Task to complete
In the material below, find the line with "Cheap Affordable Custom" and the line with "(16) Assorted HSS", then output both and every line between them exactly, omitting pictures.

Provided data
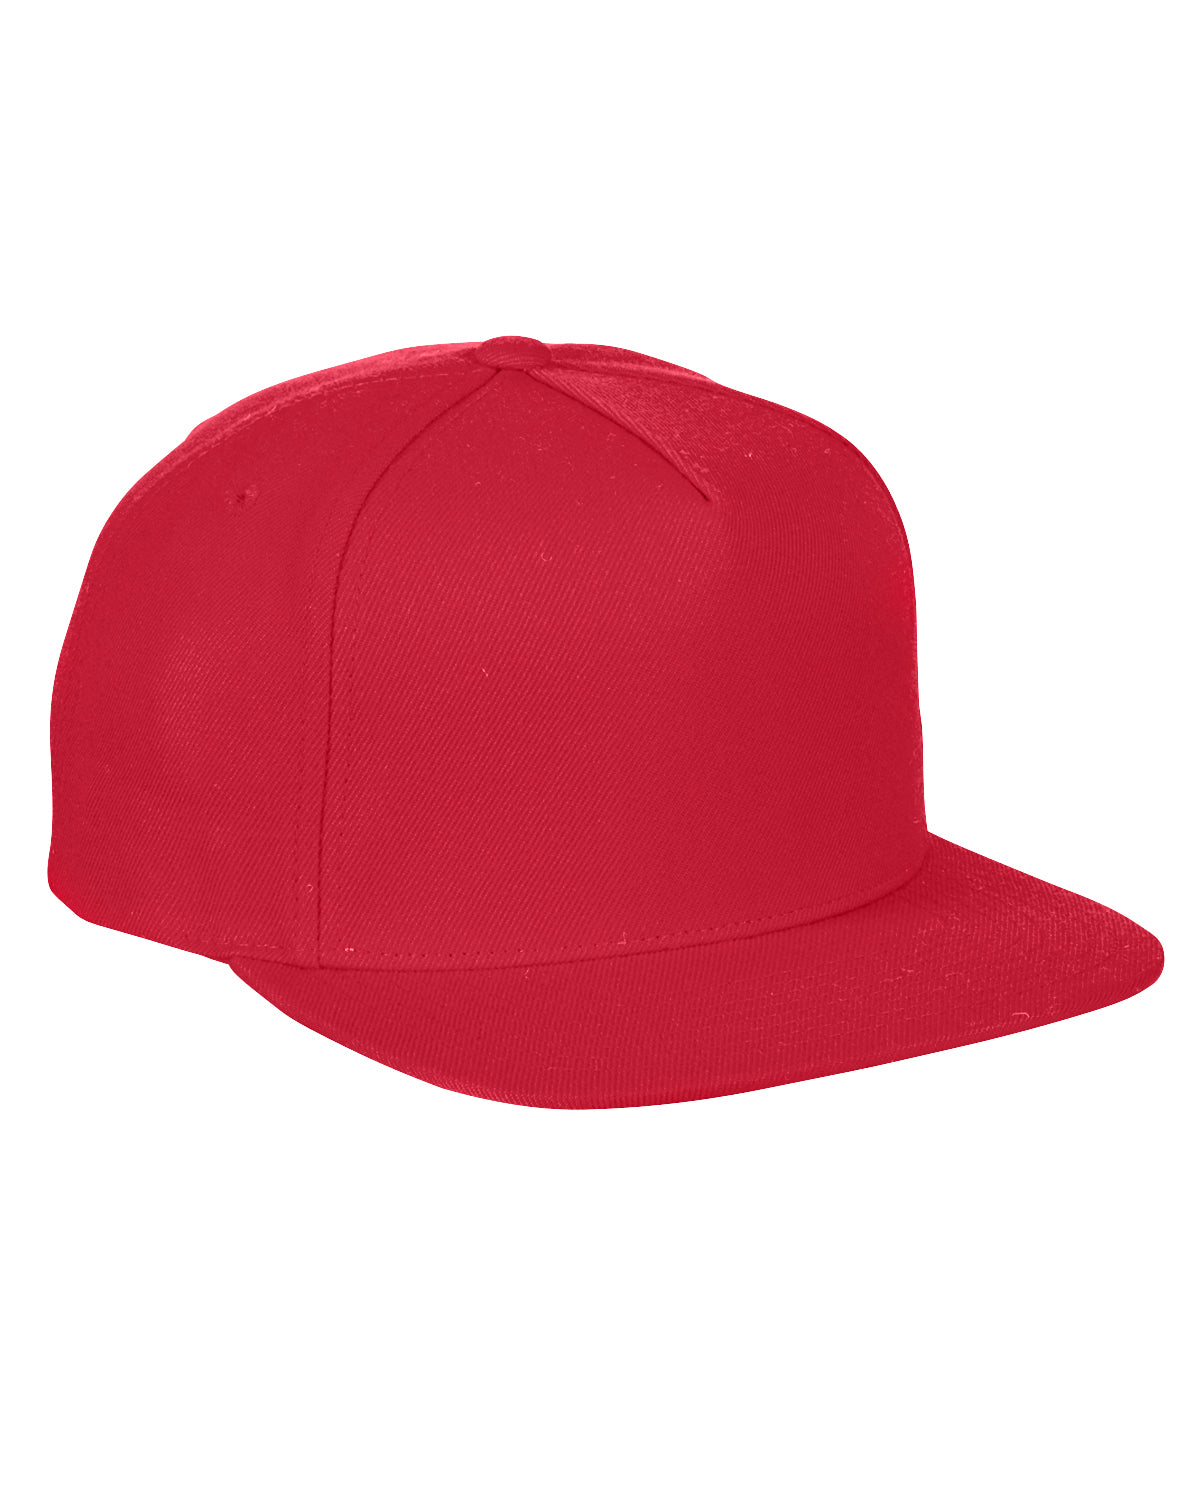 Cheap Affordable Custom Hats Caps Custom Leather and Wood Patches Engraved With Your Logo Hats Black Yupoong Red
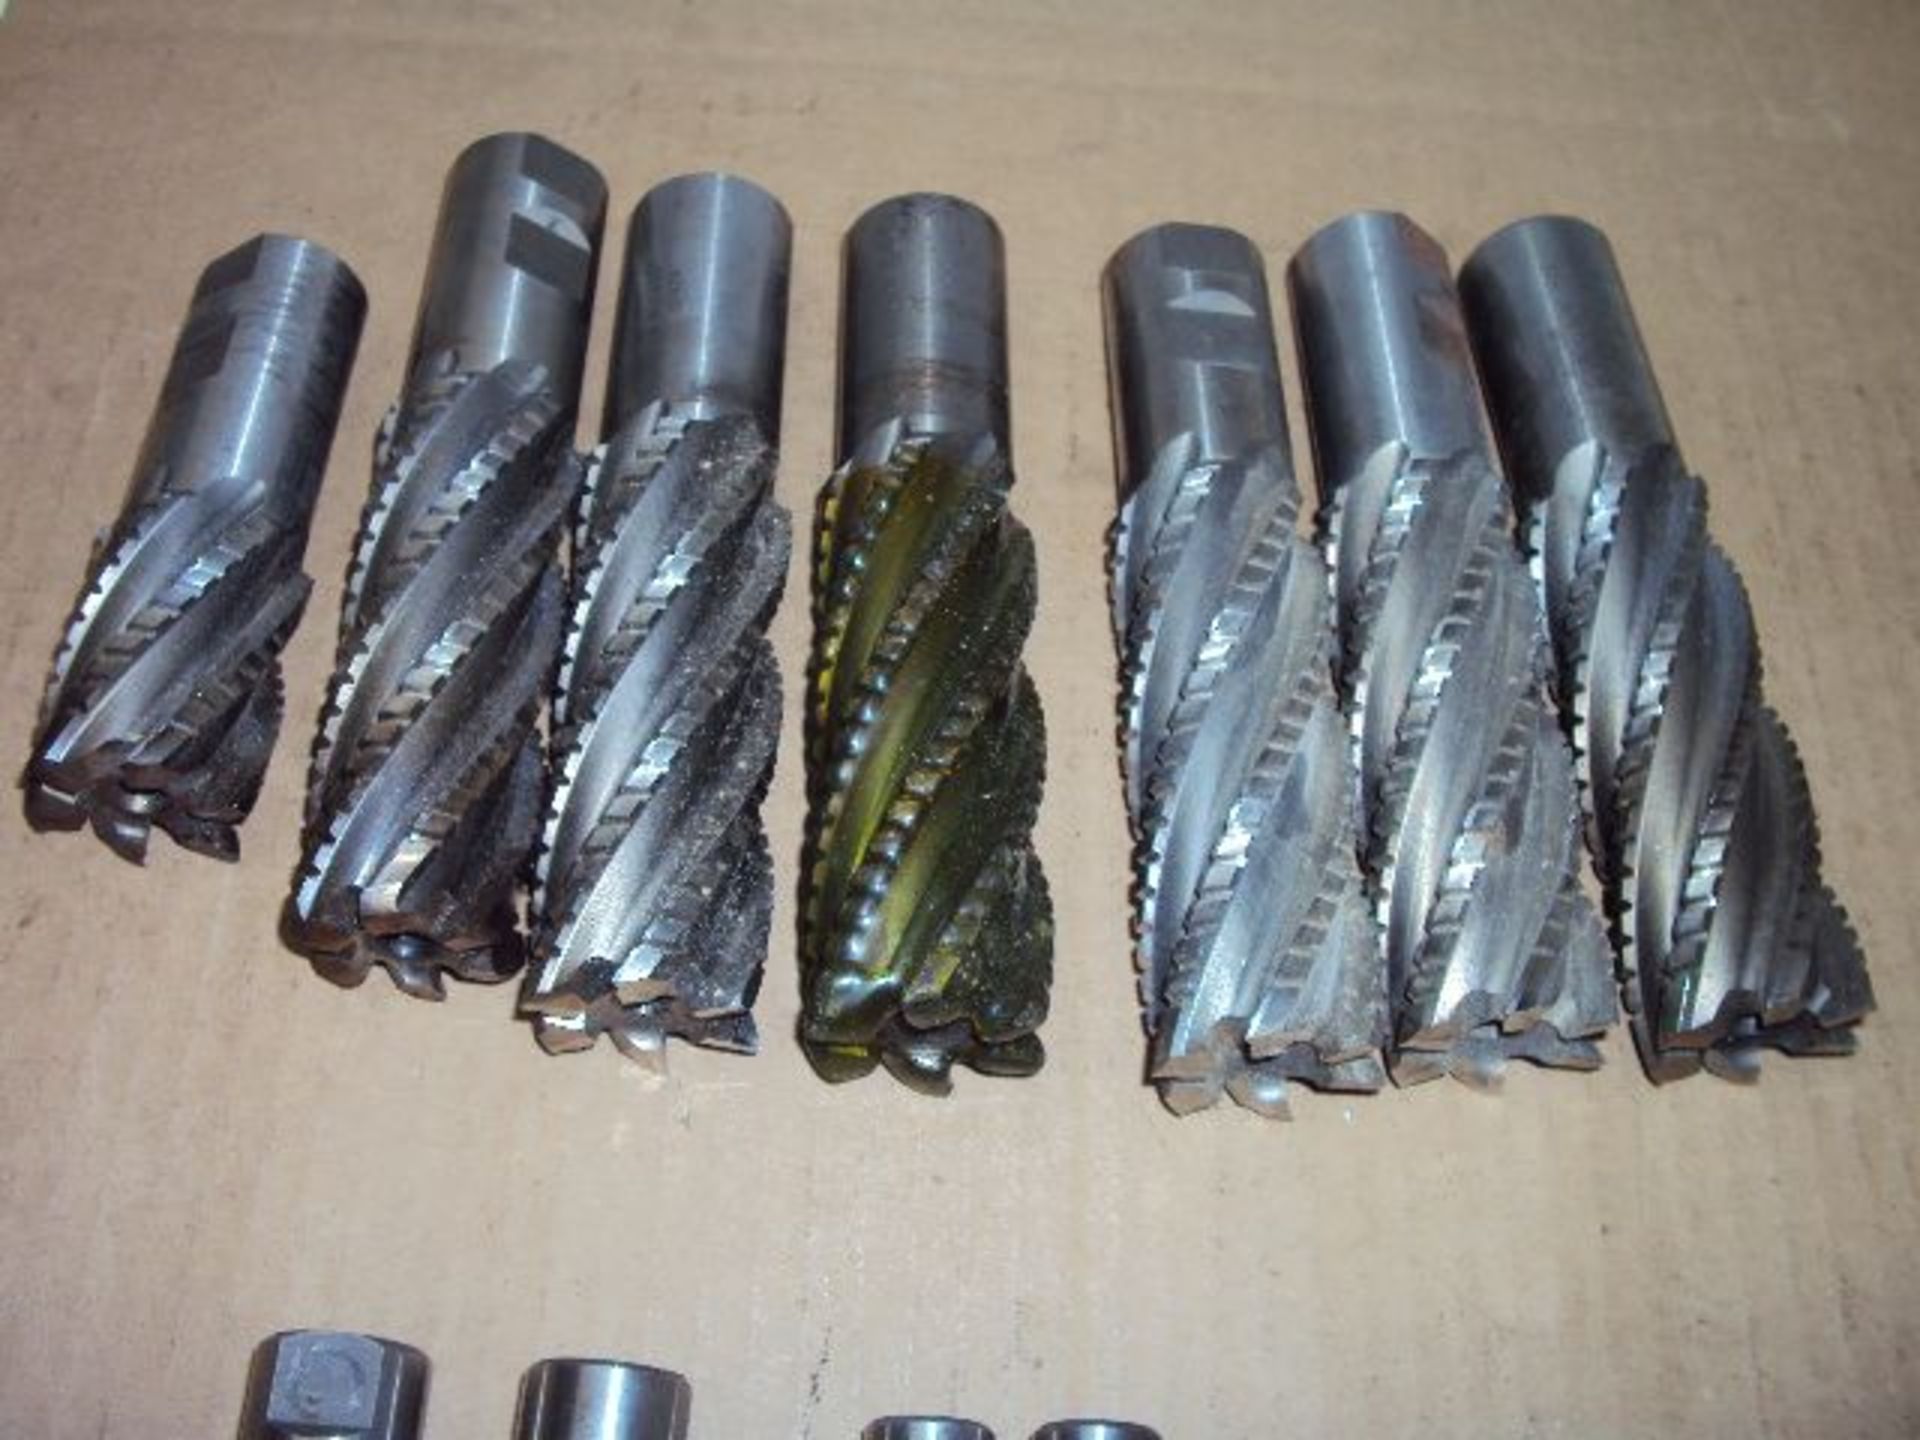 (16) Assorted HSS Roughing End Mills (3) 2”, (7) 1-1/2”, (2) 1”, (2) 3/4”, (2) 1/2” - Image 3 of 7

...

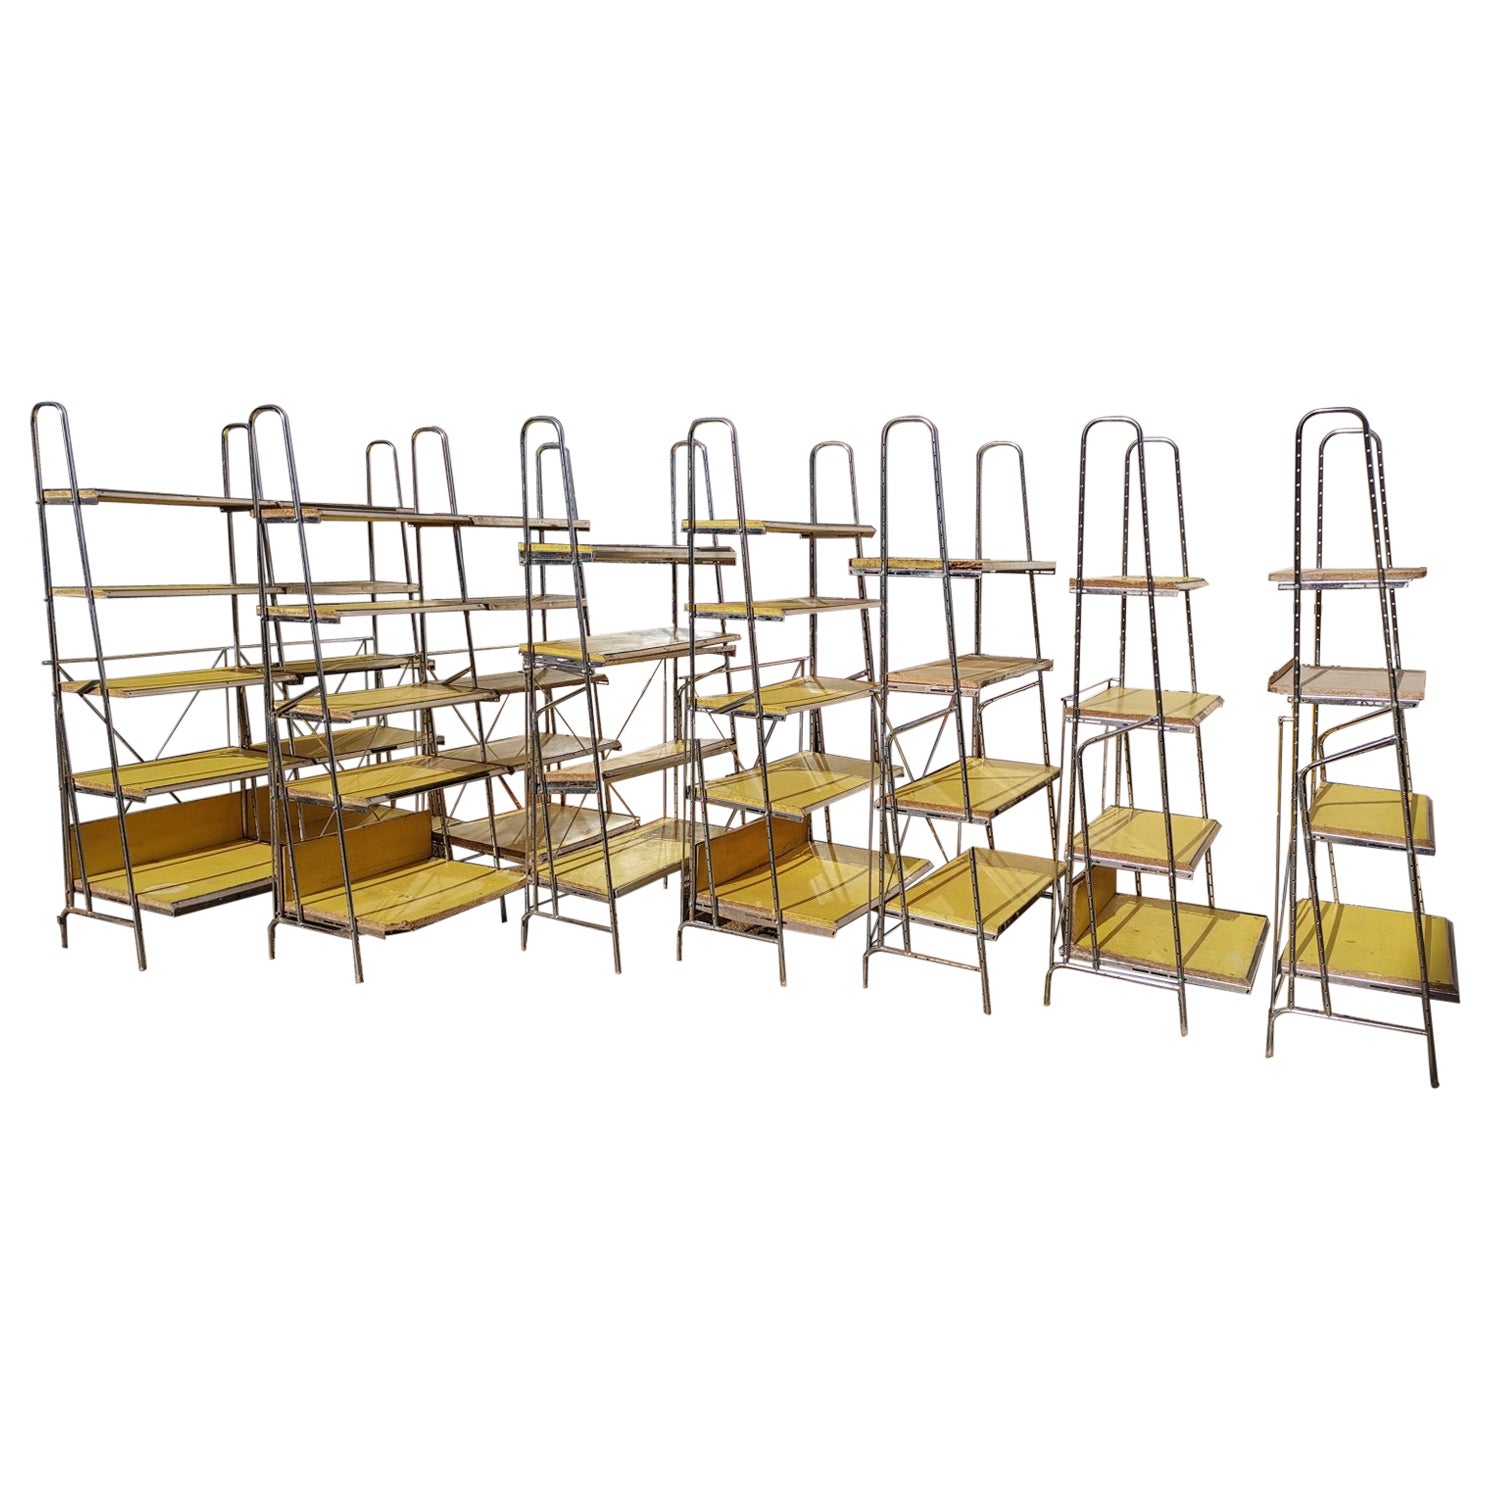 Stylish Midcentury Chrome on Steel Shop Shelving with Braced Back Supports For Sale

Result for this exercise
 Cheap Affordable Custom Hats Caps Custom Leather and Wood Patches Engraved With Your Logo Hats Black Yupoong Red
 (16) Assorted HSS Roughing End Mills (3) 2”, (7) 1-1/2”, (2) 1”, (2) 3/4”, (2) 1/2” - Image 3 of 7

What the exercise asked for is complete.